During social interaction, the observation of facial expressions automatically elicits emotional arousal and spontaneous facial mimicry4,5,6, as reflected by increased zygomaticus major (ZM) activity when viewing happy facial expressions and increased corrugator supercilii (CS) activity when viewing angry facial expressions. Specifically, the observation of dynamic emotional facial expressions elicits stronger subjective arousal experiences and more evident facial mimicry, compared with observation of static facial expressions7,8. Automatic mimicry may facilitate emotion perception or recognition via an embodied mechanism9,10. It also enhances interpersonal synchronization11, which further facilitates emotion contagion12,13,14, empathy15,16, and social interaction17,18.

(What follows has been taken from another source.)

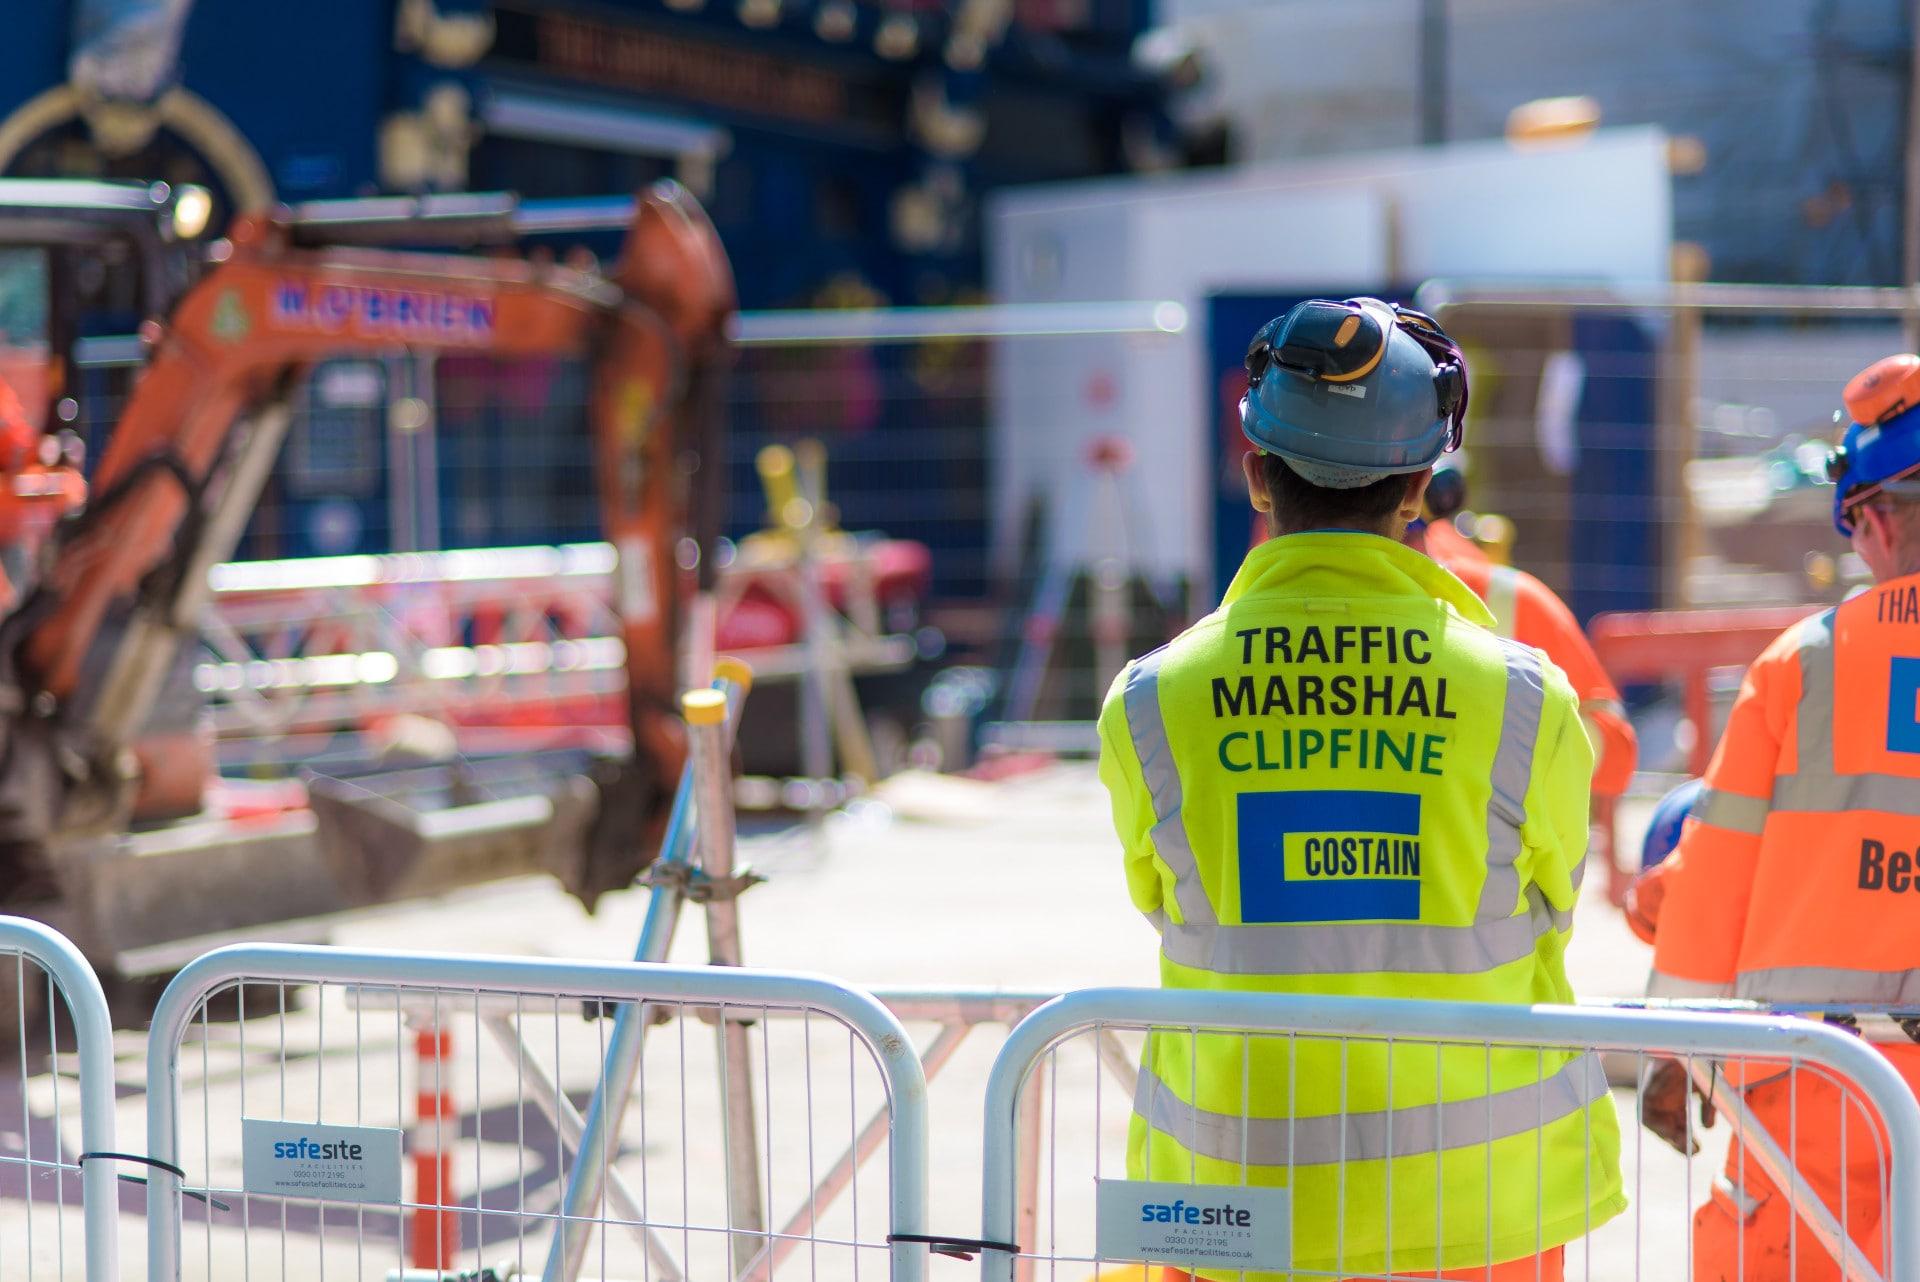 construction site traffic marshal

Most psychological studies regarding social interaction have used highly controlled laboratory settings with prerecorded static photographs or video clips that differed from naturalistic social behaviors in aspects such as visual fidelity, social context, and the potential for social interaction with the stimulus material. Experts have called for a reconsideration of the ecological validity of these stimuli and of the design of psychological studies of non-verbal and verbal interpersonal communication and interactions, which may improve the interpretability and generalizability of such findings19,20. To the best of our knowledge, only one study has compared the effects of live interaction with those of prerecorded stimuli in terms of emotional and motor responses to facial expressions. In that study, the researchers designed a liquid crystal (LC) shutter system that switched between transparent and opaque to control the timing of participants’ exposure to models who were making eye contact or averting their gaze in real time21. Their findings indicated that differences in ZM activity while viewing a static smiling versus a neutral facial expression were observed only when the participants believed that they were being watched by the model22. However, the implications of their EMG results were ambiguous because the ZM responses to smiles did not differ between conditions with and without beliefs about being watched. Instead, the attenuation of ZM responses to neutral expressions caused the differences. Therefore, increased facial mimicry when participants believed that they were being watched could not be concluded. Furthermore, the study used static (rather than dynamic) facial expressions as stimuli, despite previous studies’7,8 suggestions that dynamic facial expressions would be more effective for investigating the effects of live interactions on subjective emotion perception and facial mimicry.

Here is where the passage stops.